Whenever we are asked to leave our zones of relaxation, we feel that something has been taken away from us. One thing we fail to note when corrected is that - corrections shape our now and tomorrow. We must know thus, that pleasurable things give us thΓ‘t comfort and happiness we pray for; they enable us to laugh out loud and we even dance some times when there is no sound of music around our environs, all because we are happy. But should pleasurable things be  pointers to abnormalities and atrocities? 

Today, people strive to find pleasure in some material things in the society. In Nigeria, there is no fear whatsoever among some people when it comes to what makes them happy. You hear statements like: Omo, that thing deh gimme joy, omo, I no fit leave that thing, and I must do am! Should we do anything that gives us pleasure, come what may? One of the things people feel must be done to be regarded as a PERFECT and COMPLETE person in our society today is having SEX. Little wonder why when we listen to some people as they discuss about sex, we hear so much about SEX: sex this, sex that. What a shift and desperation?!

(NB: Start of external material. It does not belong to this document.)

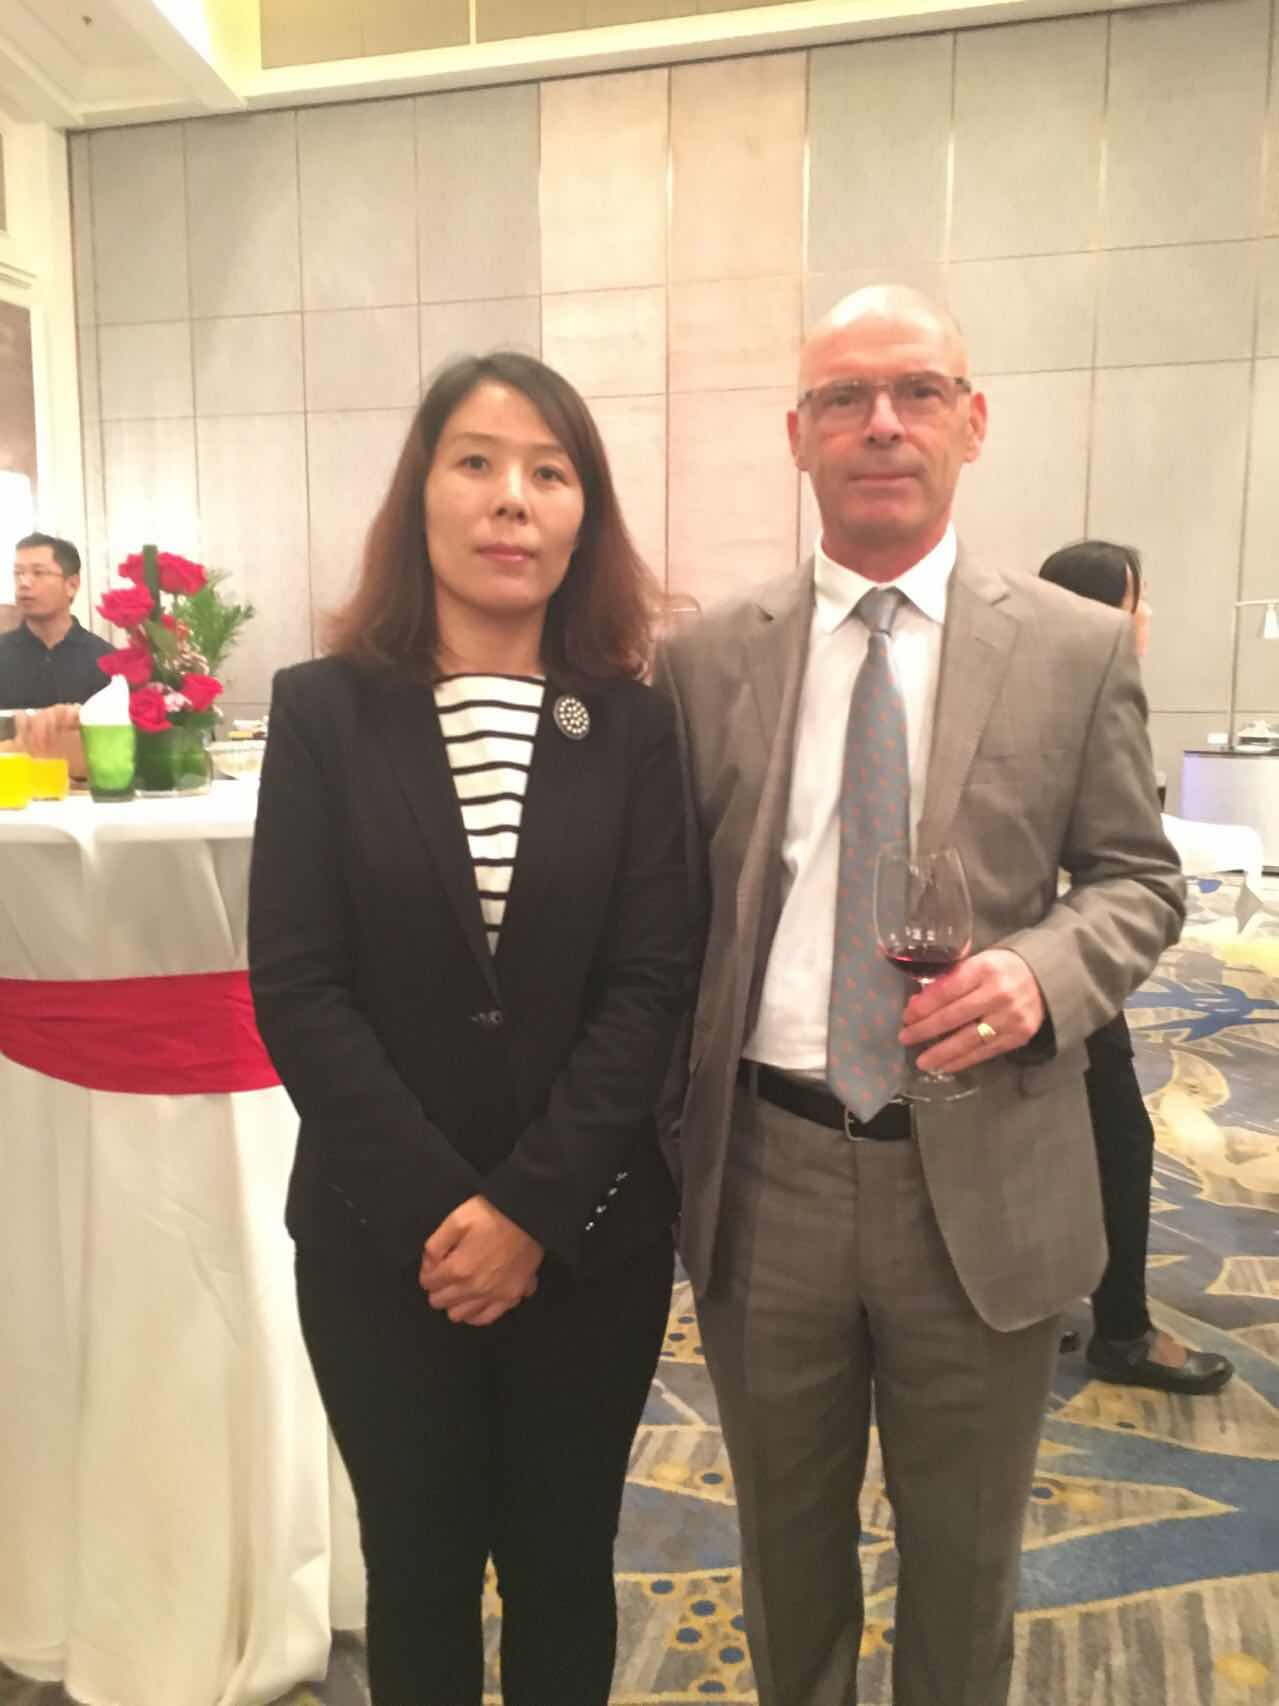 阿尔巴尼亚共和国驻华大使赛利姆·贝洛尔塔亚与组委会秘书长崔江红

Wrong Modifications and Affirmations:
Generally, when it comes to the topic of SEX, there is usually a lot of controversies. People, especially young adults have MODIFIED the ideology behind sex, making the letter A to appear like the letter B, and vice versa. Hmm! Some Nigerian societies have made what is abnormal to look normal and what is meant to be normal to look abnormal; the shift about SEX we see and hear today needs to be questioned to know the veracity - why the desperation about SEX? Sex should be a Mathematics that presents itself. I call it the Mathematics of creation as contained in the Torah or Old Testament - "... therefore, a man leaves his father and his mother and clings to his wife, and they become one flesh." (cf. Gen. 2:24, New RSV - Catholic Edition). Here, sex should be enjoyed and consumed without fear and it should be for pleasure between the husband and his wife. 

Know the Gist: 
We hear illusions of pleasure regarding sex today where young adults make it normal. We must remember the Mathematics of creation stated earlier. Our concern now is, why is sex overrated in modern Nigerian society? I feel sex is overrated because some people feel it is that which gives the highest happiness and pleasure. I want to take us to the time of antiquity. In the Ancient world, where one of the greatest encyclopedic scholars of Philosophy, Aristotle, in his work "The Nicomachean Ethics" (Book 2 Chapters 6-9) asserts that "virtues lie in the middle." Here, we can say that sex should NOT be overrated or wrongly done by adults but should follow the Mathematics that is; hence, making sex have its sacredness and maintaining the meaning of sex that is set for legally married people. Permit me to put to us, if the thing the too do you, go and marry. Go and marry, Paul, go and marry, Amina. 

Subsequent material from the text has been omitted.